Messin

Posted on Nov 17

ESP32 Offline Voice Recognition Using Edge Impulse

#programming #tutorial #performance #design

Introduction

Voice recognition is becoming an essential part of modern IoT and embedded systems — enabling hands-free control, better accessibility, and a natural way to interact with devices. In this project, you’ll build a fully offline voice-recognition system using the ESP32 development board, a MEMS microphone (the INMP441 module), and the Edge Impulse (EdgeML) platform.
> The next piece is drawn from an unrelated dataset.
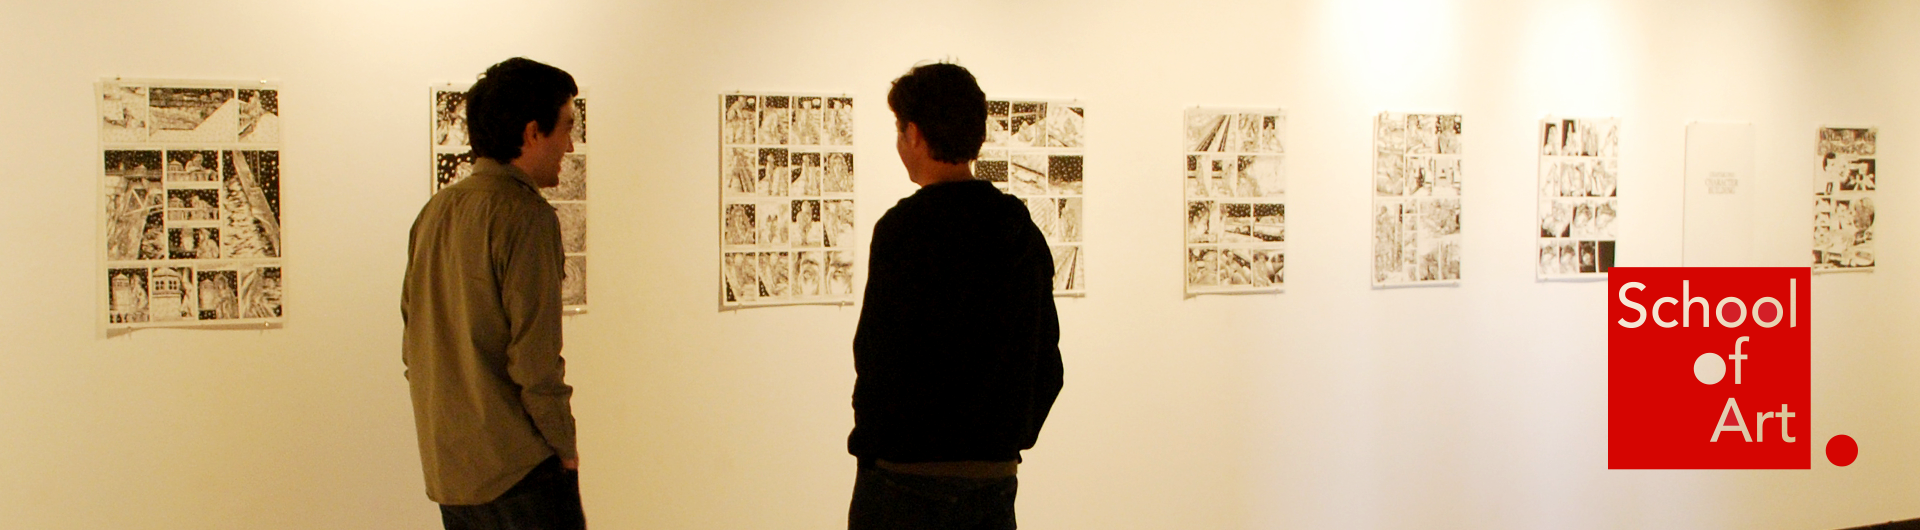 Two students looking at art together in a gallery.

No internet, no cloud APIs, and no reliance on external services — true on-device speech command control.

We’ll walk through the workflow: collecting/training a dataset, deploying the model to ESP32, wiring the hardware, and finally running the system (e.g., saying a wake-word then a command like “on”/“off” to toggle an LED).

What you’ll build

A voice-activated assistant that listens for a wake word (e.g., “marvin”), then listens for a command word (e.g., “on” / “off”) to control an LED.

Entirely on-device inference: the ESP32 runs the model locally, so audio never leaves the board.
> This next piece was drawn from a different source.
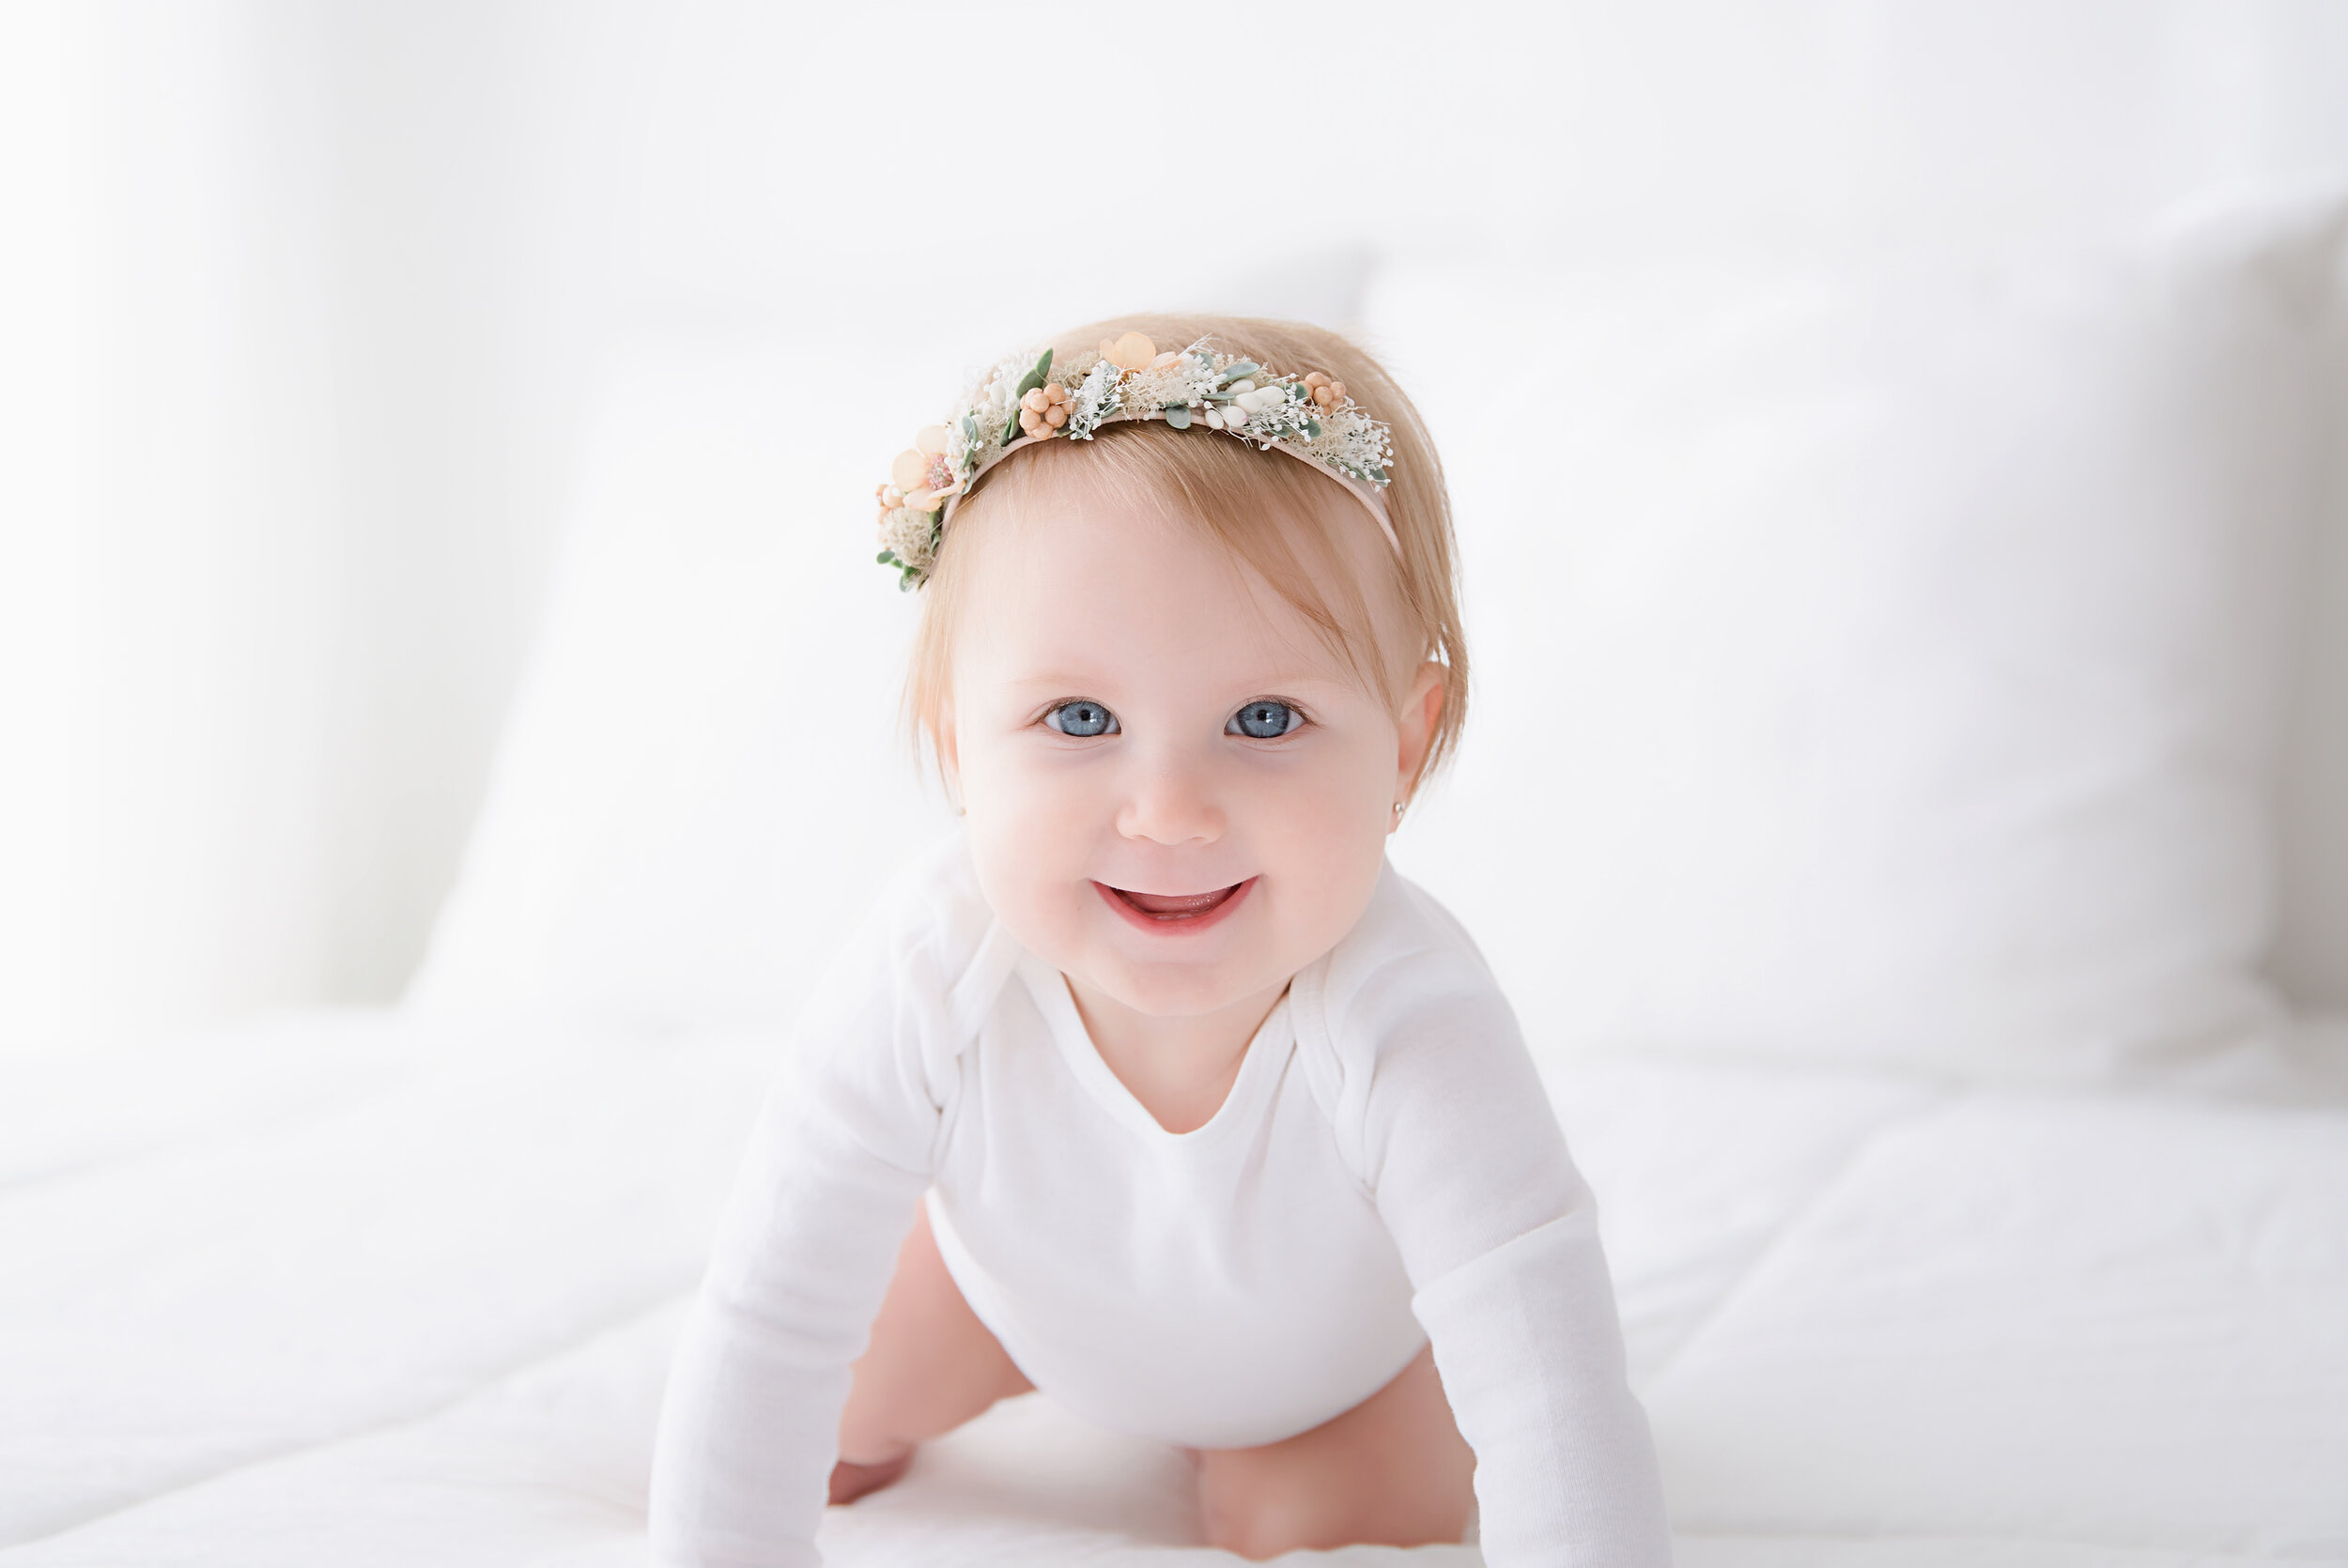 8 month old baby girl photo

Expandable: you can extend it to more commands (lights, relays, IoT devices) or even multiple languages.

Key Features

Offline voice recognition: No cloud connectivity needed.
Low latency: On-device processing ensures a fast response.
Customizable wake-word and commands: Train your own set of words.
Privacy-focused: Audio stays on the board; nothing is sent out.
Cost-effective hardware: Just ESP32 + MEMS microphone + minimal extras.

What you’ll need

Hardware

ESP32 development board (e.g., ESP32-DevKitC)
INMP441 MEMS I²S microphone module
Two LEDs (one for “indicator” status, one for “control”)
Resistors (~220 Ω) for LEDs
Breadboard and jumper wires

Workflow: Build & Train the Model

Create a new project in Edge Impulse: Sign up/log in, then create a new project → set the target device (ESP32 or equivalent).

Collect data: Upload audio samples for each of your classes — e.g., “noise”, your wake word (“marvin”), and command words (“on”, “off”). You can use open-datasets (like the Google Speech Commands Dataset) or record your own for better accuracy.
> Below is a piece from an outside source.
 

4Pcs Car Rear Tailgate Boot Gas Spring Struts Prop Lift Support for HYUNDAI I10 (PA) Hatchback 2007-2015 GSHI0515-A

Design the impulse: In Edge Impulse, define the processing block (feature extraction) and the learning block (model architecture).

Generate features: Visualise your dataset clusters; well-separated clusters indicate a good chance of high accuracy.

Train the model: Use default settings or tune epochs/learning rate. After training, validate your model (aim for > 85% accuracy for prototyping).
Deploy as Arduino library: In Edge Impulse, select “Arduino Library” under Deploy → Build → Download .zip library.
Install in Arduino IDE: Add the .zip library via Sketch → Include Library → Add .ZIP Library. Load the example sketch (e.g., esp32_microphone example).

Programming & Code Highlights

The example code sets up I²S for audio capture (sample rate 16 kHz), uses the Edge Impulse “inferencing” library, runs the classifier, and then processes the results.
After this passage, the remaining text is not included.